To identify a robust ENE triplex construct amenable to biochemical characterization, we first turned our attention to evaluate constructs whose peripheral elements (Supplementary Figure S2), which have been shown to contribute to triplex stability in homologous RNA triplexes (23), were modified. We evaluated several unimolecular ENE triplex variants to assess triplex formation using thermal melt analysis. A construct containing the wild-type apical did not exhibit a robust triplex melting profile (Supplementary Figure S2A), in contrast to those previously reported for homologous RNA triplexes (23,41). The most promising unimolecular construct, designated PAN core triplex (Figure 2A), containing a shortened apical P2 helix, generated a more noticeable triplex melting transition (Supplementary Figure S2B). However, only mild protection against 3′-5′ exonucleolytic degradation by RNase R (Figure 2E) was observed, consistent with some degree of triplex formation and 3′ end protection.
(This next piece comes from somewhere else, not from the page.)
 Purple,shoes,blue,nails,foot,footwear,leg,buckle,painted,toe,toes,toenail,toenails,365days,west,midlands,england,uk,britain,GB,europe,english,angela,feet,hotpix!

In view of the data of Figure 2 and Supplementary Figure S2, we elected to introduce minor alterations at the base of the ENE in an effort to stabilize nucleotides of the triplex-forming third strand. We introduced additional nucleotides into the unimolecular ENE core triplex (Figure 3A) to create a 3-bp ‘GC clamp’, hereafter designated ^GCPAN triplex, anchoring the A-rich sequence to the lower duplex through the introduction of a new P0 helix. UV melt (Supplementary Figure S2) and RNase R protection analyses (Figure 3B) both indicate a highly stabilized triplex. The bimolecular version of this construct extends the r(A)₉ oligonucleotide to include -G-G-C- at its 5′ terminus (ggc(A)₉), and the ENE core duplex by the complement, -G-C-C-, at its 3′ terminus (^GCENE duplex) (Figure 3A). Triplex reconstitution from the two components was confirmed by CD (Figure 3C), and stable complex formation by size exclusion chromatography (Figure 3D). MST analysis (Figure 3E) determined a K_d of 12 ± 3 nM for binding of the ggc(A)₉ tail to the ^GCENE duplex, and a parallel EMSA analysis determined a K_d of 3 ± 0.3 nM (Figure 3F and Supplementary Figure S3). Minor differences in calculated K_d are common when comparing distinct biochemical and biophysical experiences. Nonetheless, the combined data of Figure 3 thus indicate that relatively minor changes in peripheral elements of the KSHV PAN triplex sequence impart a significant increase in stability, allowing us to perform detailed biochemical investigations.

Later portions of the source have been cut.